» Work instruction
Your task is to output the listing exactly, leaving every image out.
(Data extract Opens)
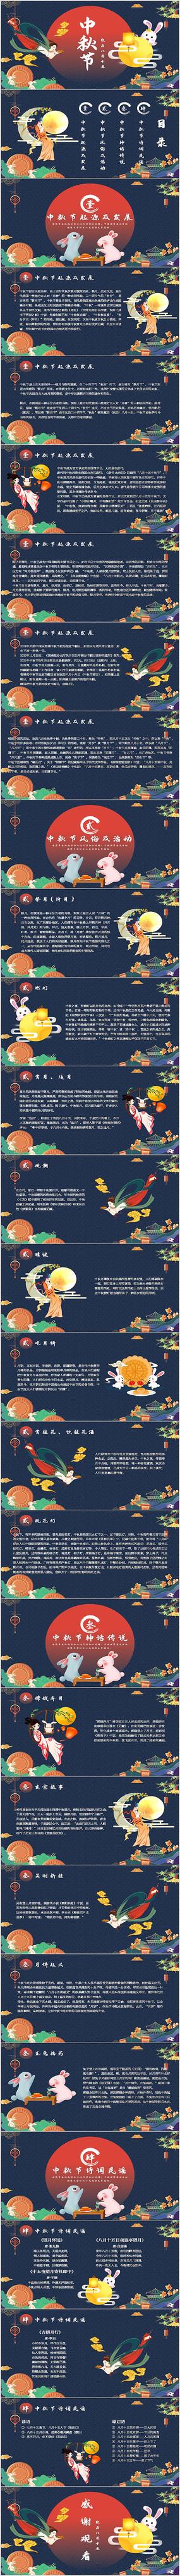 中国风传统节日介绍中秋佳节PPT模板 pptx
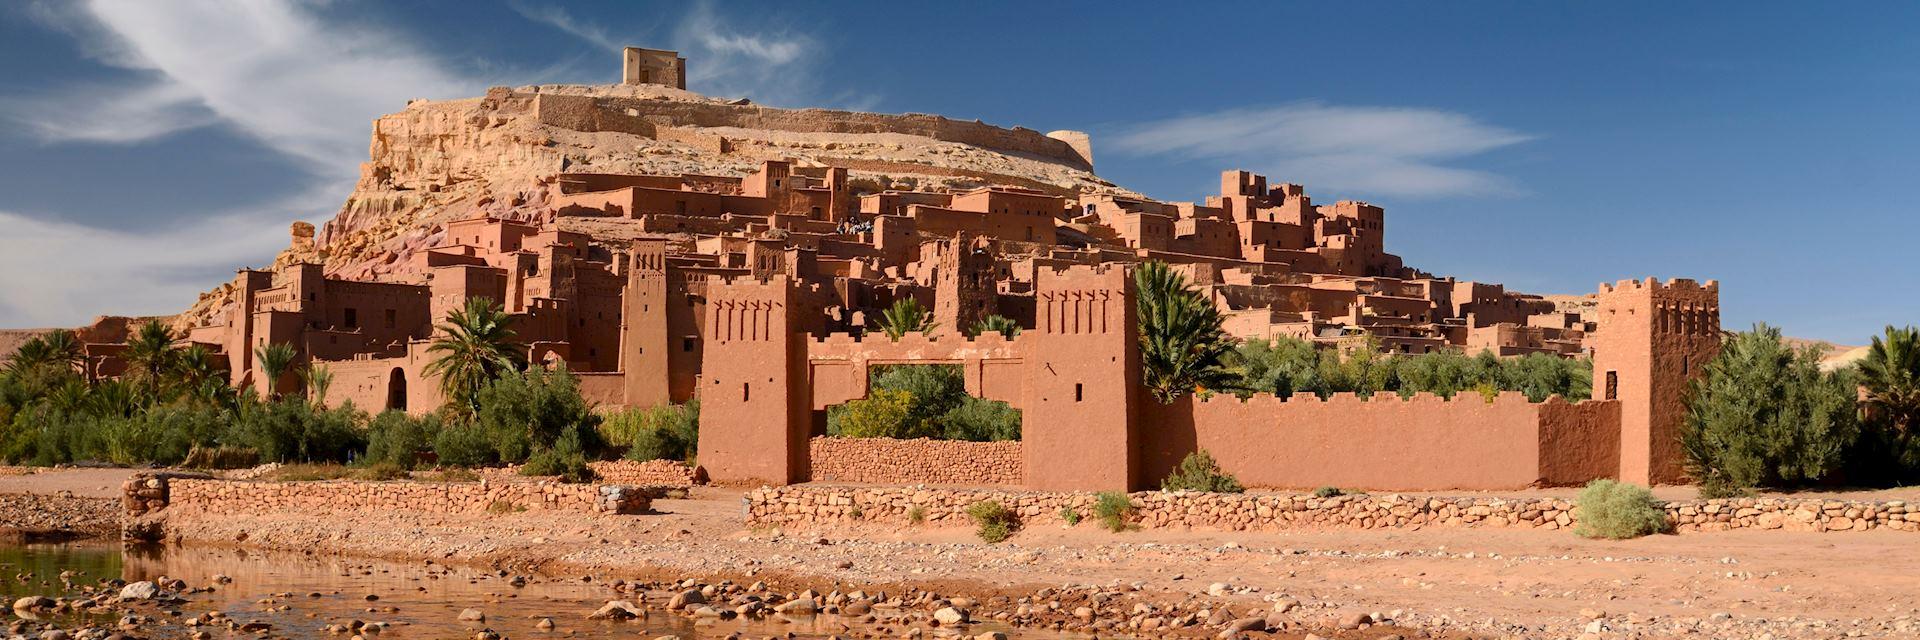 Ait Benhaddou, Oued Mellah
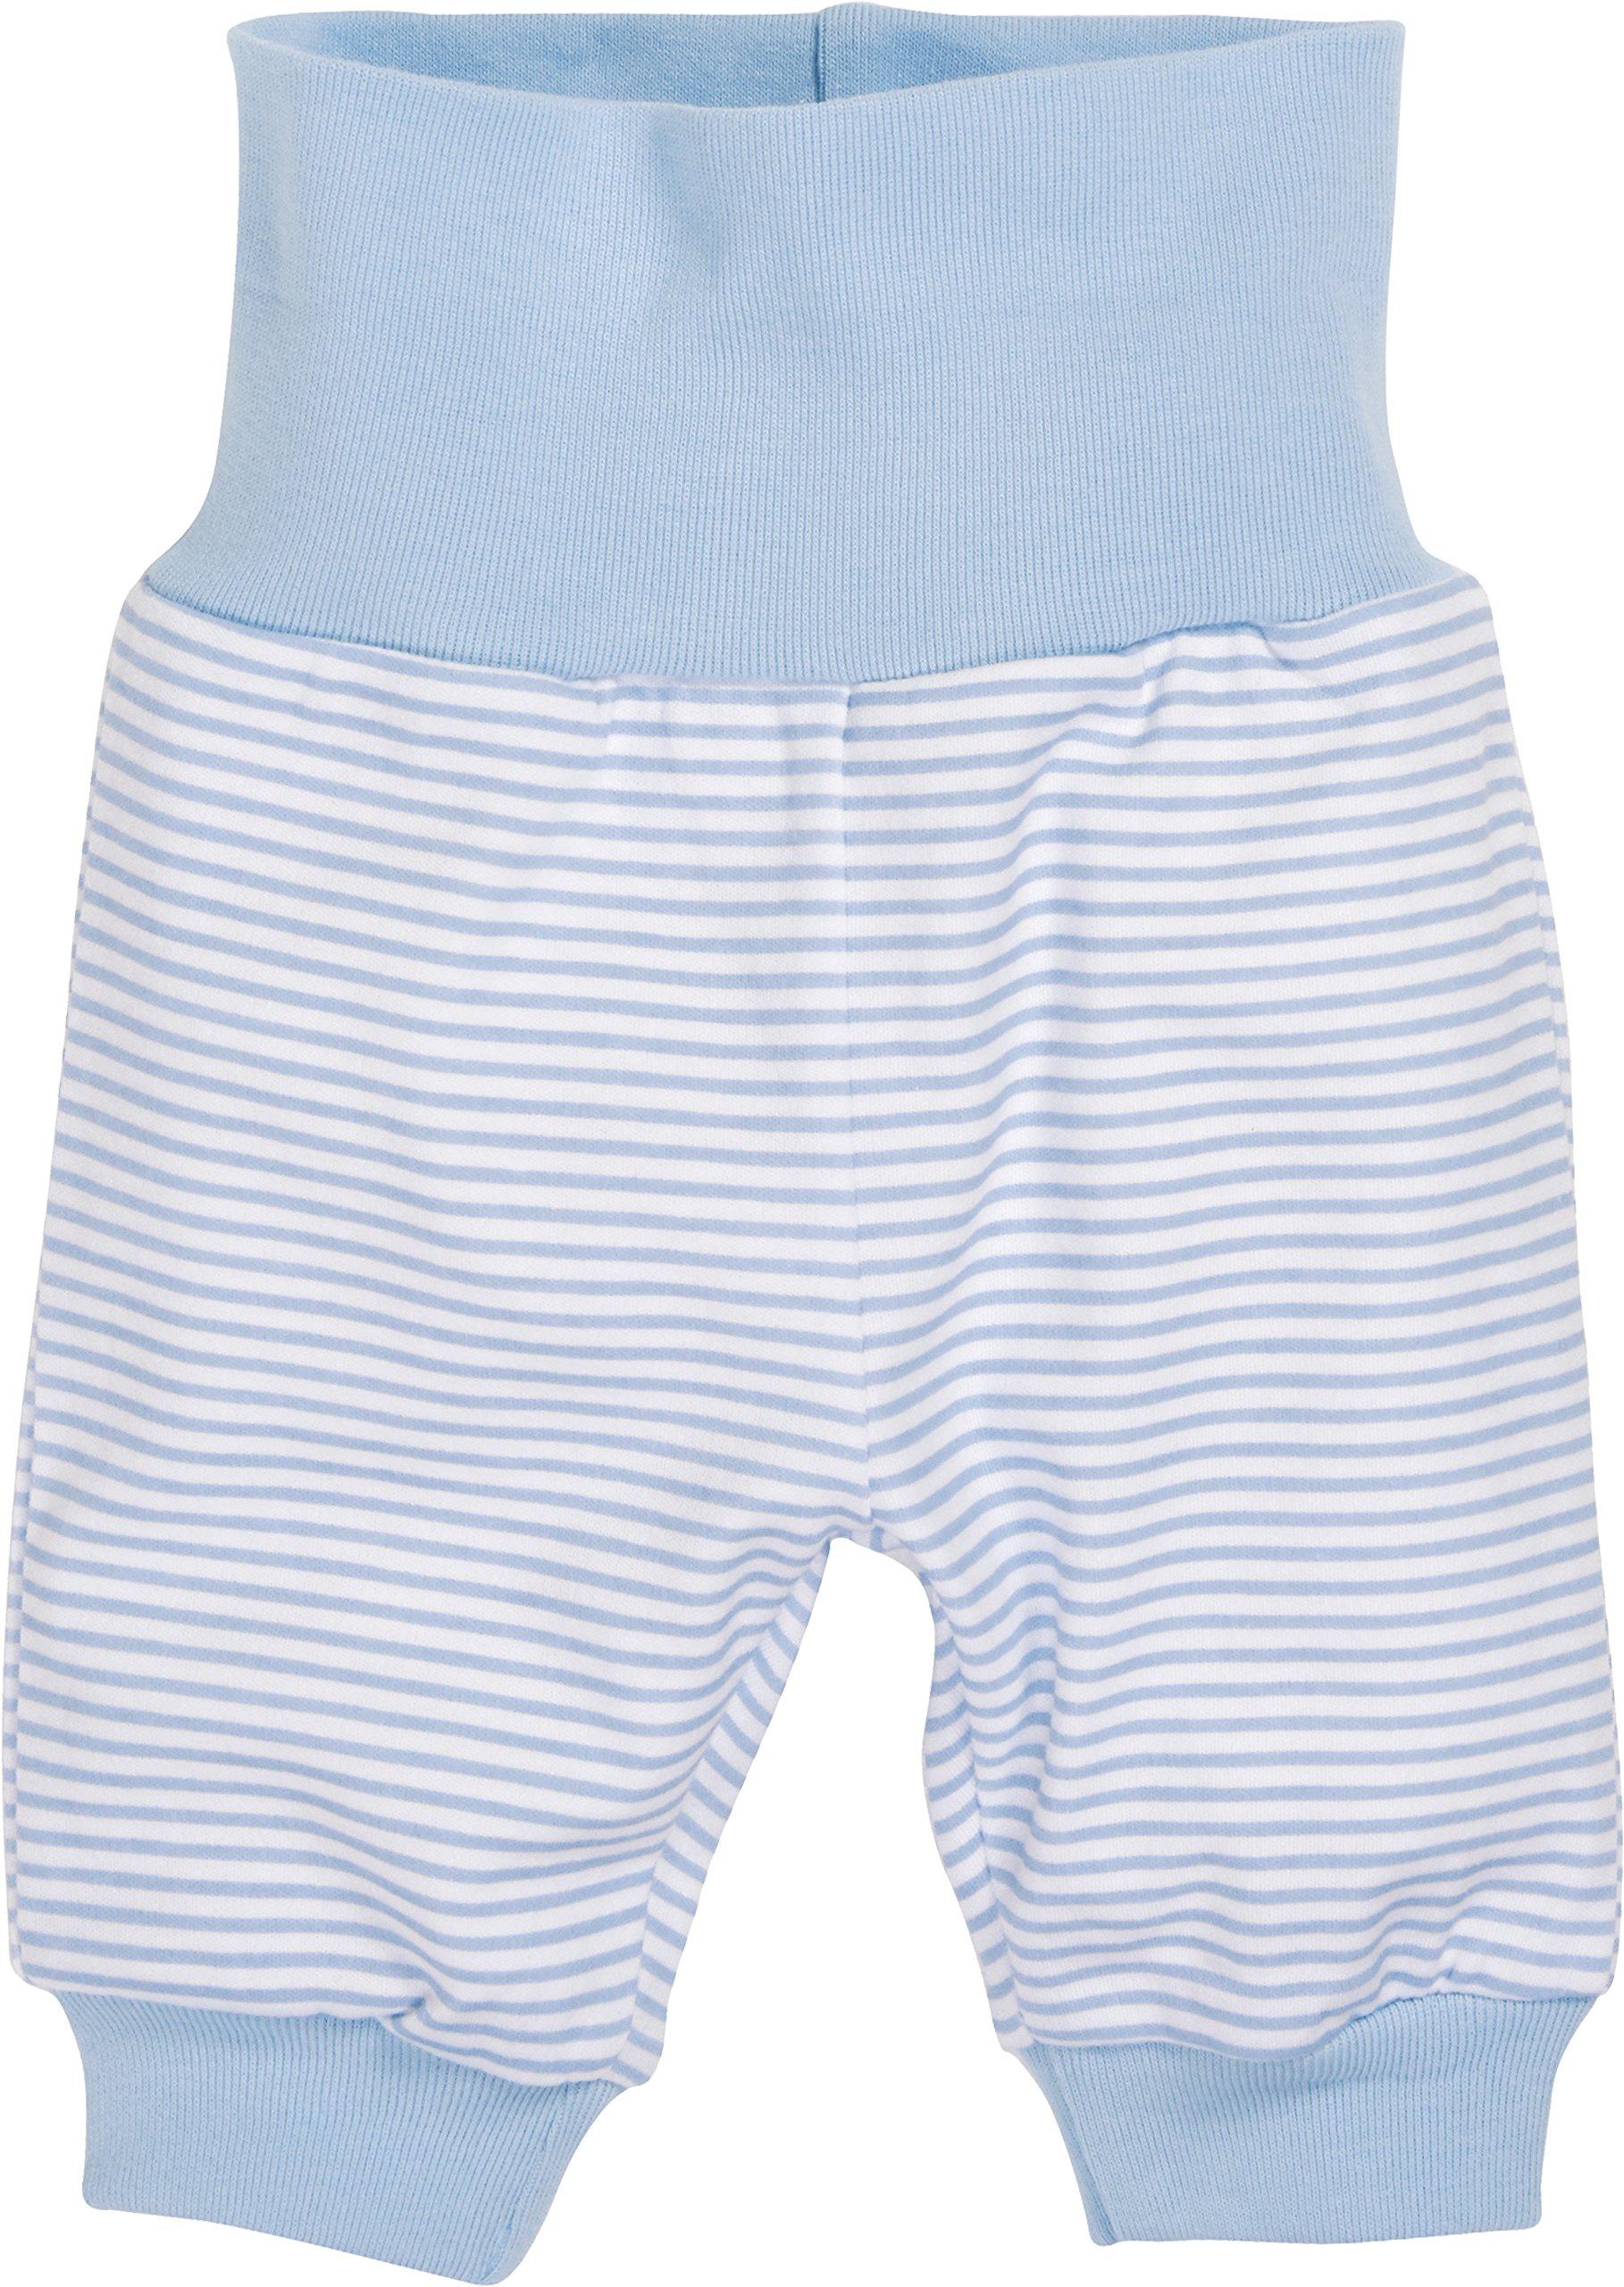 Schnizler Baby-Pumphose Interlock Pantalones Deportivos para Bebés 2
(Data extract Closes)
» Answer area
 中国风传统节日介绍中秋佳节PPT模板 pptx
 Ait Benhaddou, Oued Mellah
 Schnizler Baby-Pumphose Interlock Pantalones Deportivos para Bebés 2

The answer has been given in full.